Another possible ratio value is 3:0*
, the 0*
here represents that there is no local public POI, generated for this subgraph on this block (this might happen due to a lot of reasons, one of them being that the subgraph isn't fully synced).
The Stake Ratio is similar to the Count Ratio, but POIs are grouped by stake, so 11686531*
means that that is the combined stake backing the public POI for that subgraph on that block (the local Indexer stake is included) where as for example 44141361*:651361
would mean that there are two distinct POIs and hence two different sender groups, and these two stake values are the aggregated stake values behind each of those POIs. The *
on the first one means that the local Indexer's stake is attesting to the same public POIs and the local stake is included in that value.

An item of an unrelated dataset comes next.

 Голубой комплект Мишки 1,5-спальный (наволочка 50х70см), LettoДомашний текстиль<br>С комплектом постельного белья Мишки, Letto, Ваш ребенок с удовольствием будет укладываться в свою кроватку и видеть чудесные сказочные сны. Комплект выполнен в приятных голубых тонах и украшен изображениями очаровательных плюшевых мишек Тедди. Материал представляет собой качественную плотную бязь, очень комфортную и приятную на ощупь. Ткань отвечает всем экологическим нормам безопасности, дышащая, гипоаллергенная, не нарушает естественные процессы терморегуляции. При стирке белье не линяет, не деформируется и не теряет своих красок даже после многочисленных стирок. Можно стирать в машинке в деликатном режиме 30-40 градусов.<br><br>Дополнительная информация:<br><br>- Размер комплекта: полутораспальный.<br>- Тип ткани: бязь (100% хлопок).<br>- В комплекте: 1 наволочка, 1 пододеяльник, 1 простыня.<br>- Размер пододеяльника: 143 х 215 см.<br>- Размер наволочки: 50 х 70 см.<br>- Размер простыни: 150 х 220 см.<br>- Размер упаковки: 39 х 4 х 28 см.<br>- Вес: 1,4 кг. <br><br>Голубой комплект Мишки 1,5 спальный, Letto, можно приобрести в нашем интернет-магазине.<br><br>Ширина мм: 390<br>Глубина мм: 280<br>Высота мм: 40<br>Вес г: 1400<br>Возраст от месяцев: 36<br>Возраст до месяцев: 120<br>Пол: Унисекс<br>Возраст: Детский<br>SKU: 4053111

Similar to the Count Ratio, if there's a 0*
, for instance - 44141361:0*
, it means that there is no local public POI, generated for this subgraph on this block (therefore there is no attesting stake from the local Indexer).
Function Call Stats
Shows insights into the frequency of different functions running in the Radio, it helps convey a sense of how often/how many times certain events have happened, like POI comparison, processing a validated message, sending a message, and more.
Number of diverged subgraphs
Count of diverged subgraphs and how it's changed over time.
Locally tracked Public POIs
Number of locally generated public POIs for all of the subgraphs that are actively being cross-checked.